## WHAT THE EXERCISE ASKS
When you reach the line in the listing below that contains "Kripalu Yoga: A", begin returning lines exactly as written, and stop after the line that contains "UV skjorte for voksne.UPF 80+". Return no other lines.

## INPUT DATA
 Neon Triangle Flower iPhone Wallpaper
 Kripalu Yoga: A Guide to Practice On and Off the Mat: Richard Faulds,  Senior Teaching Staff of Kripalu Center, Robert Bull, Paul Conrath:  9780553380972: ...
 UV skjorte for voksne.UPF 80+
---
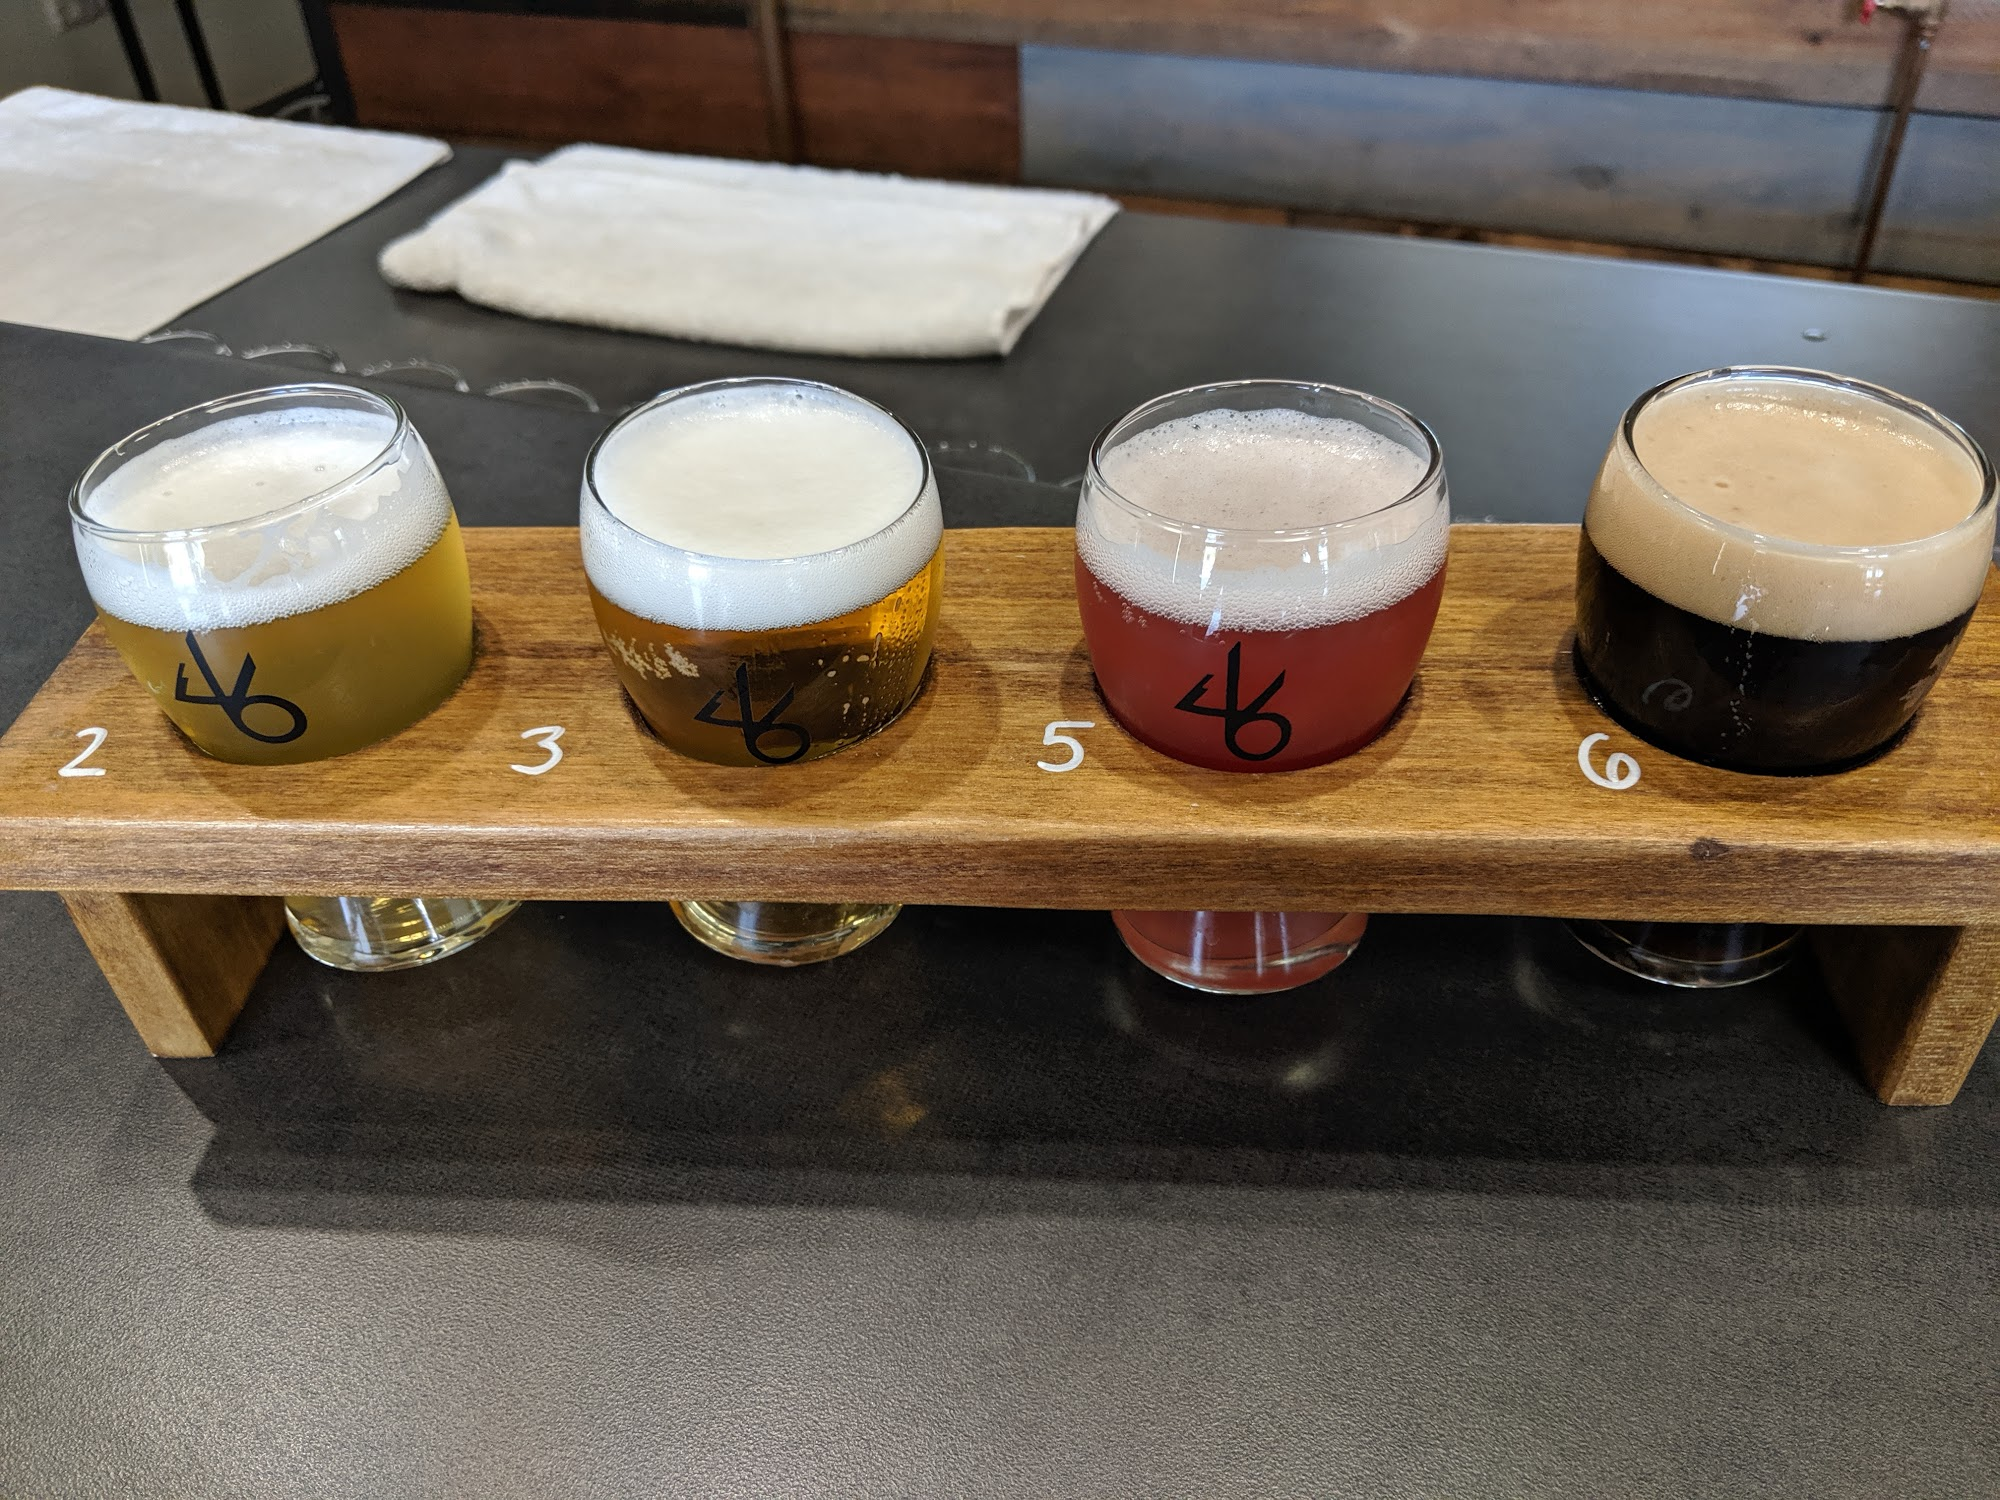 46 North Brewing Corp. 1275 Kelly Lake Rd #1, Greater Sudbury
...
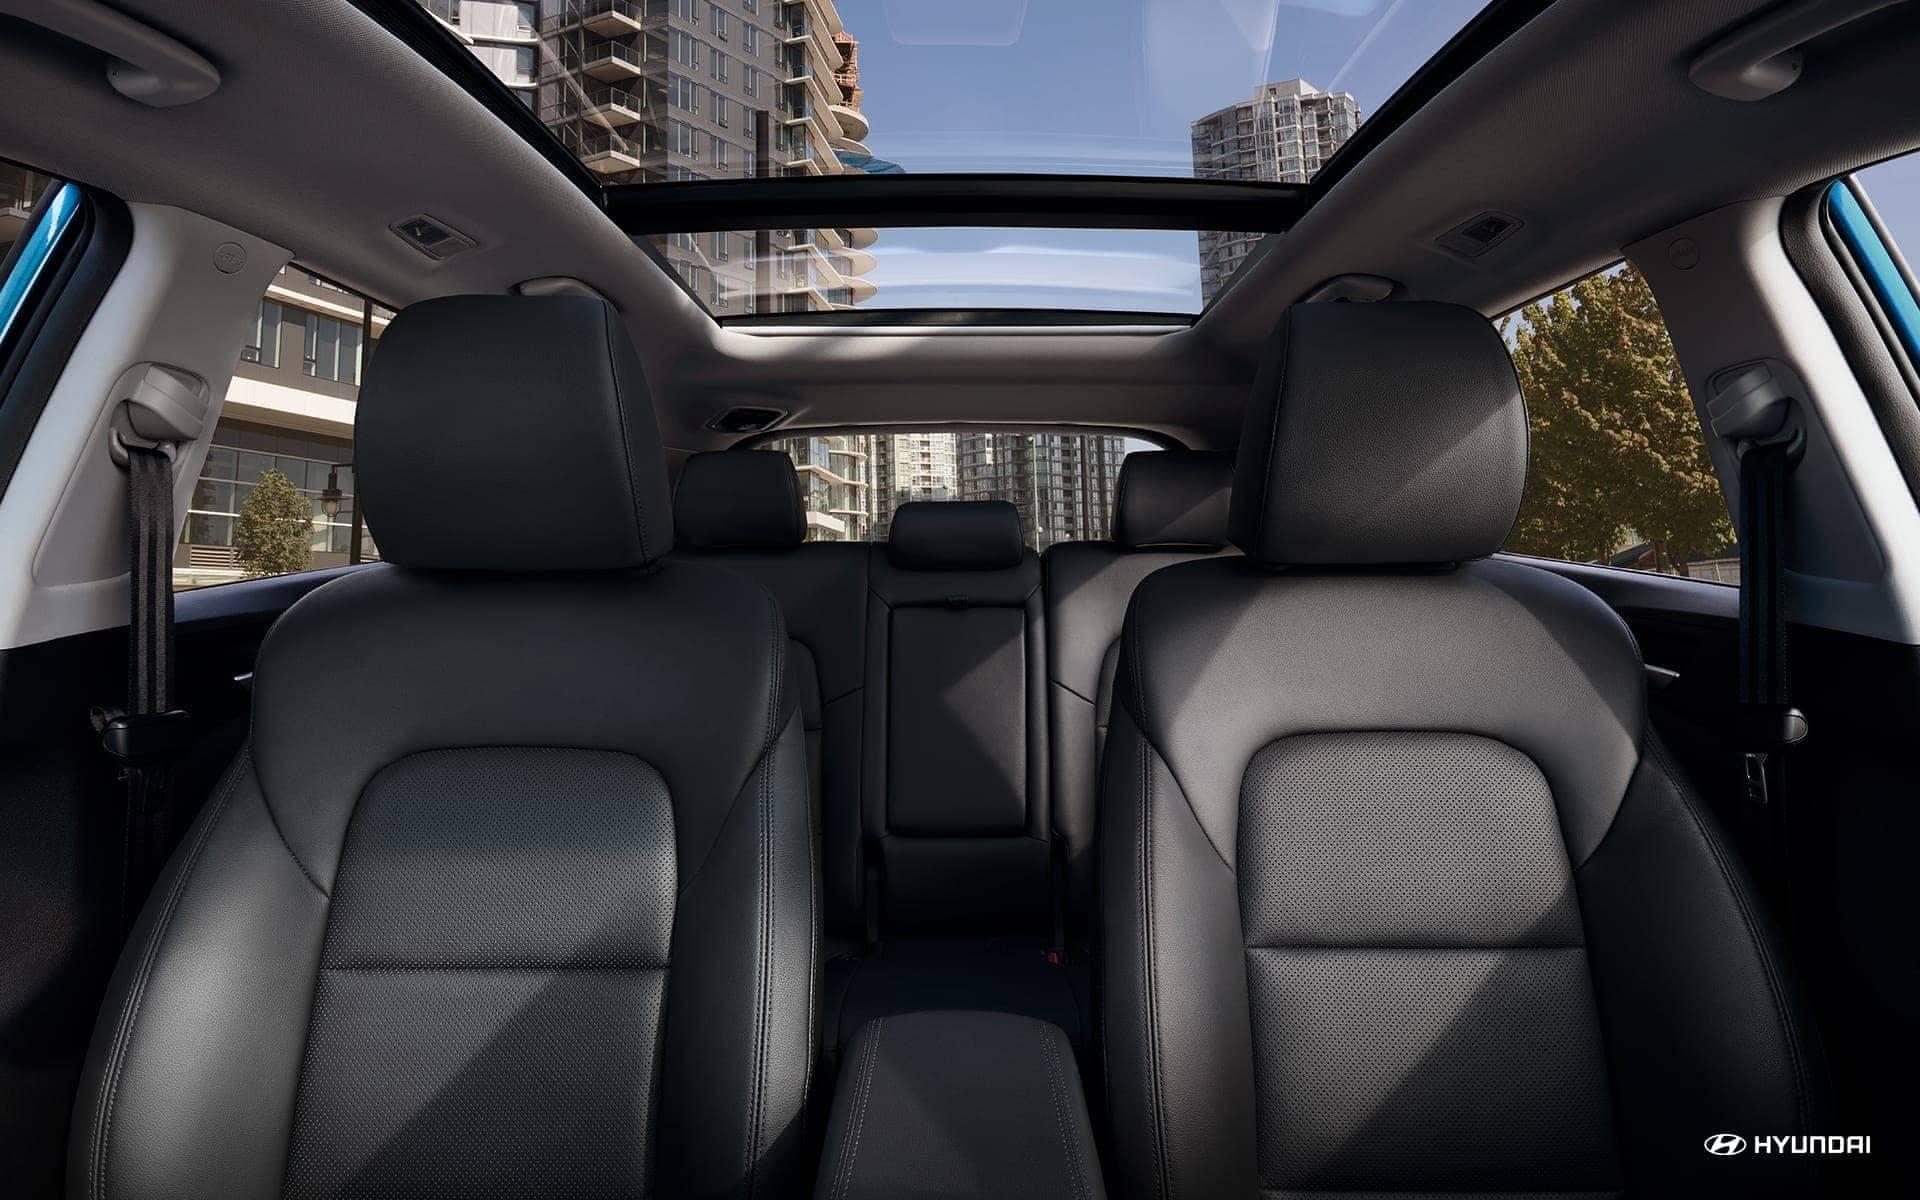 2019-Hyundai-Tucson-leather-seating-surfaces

## ANSWER FOR THE TASK
 Kripalu Yoga: A Guide to Practice On and Off the Mat: Richard Faulds,  Senior Teaching Staff of Kripalu Center, Robert Bull, Paul Conrath:  9780553380972: ...
 UV skjorte for voksne.UPF 80+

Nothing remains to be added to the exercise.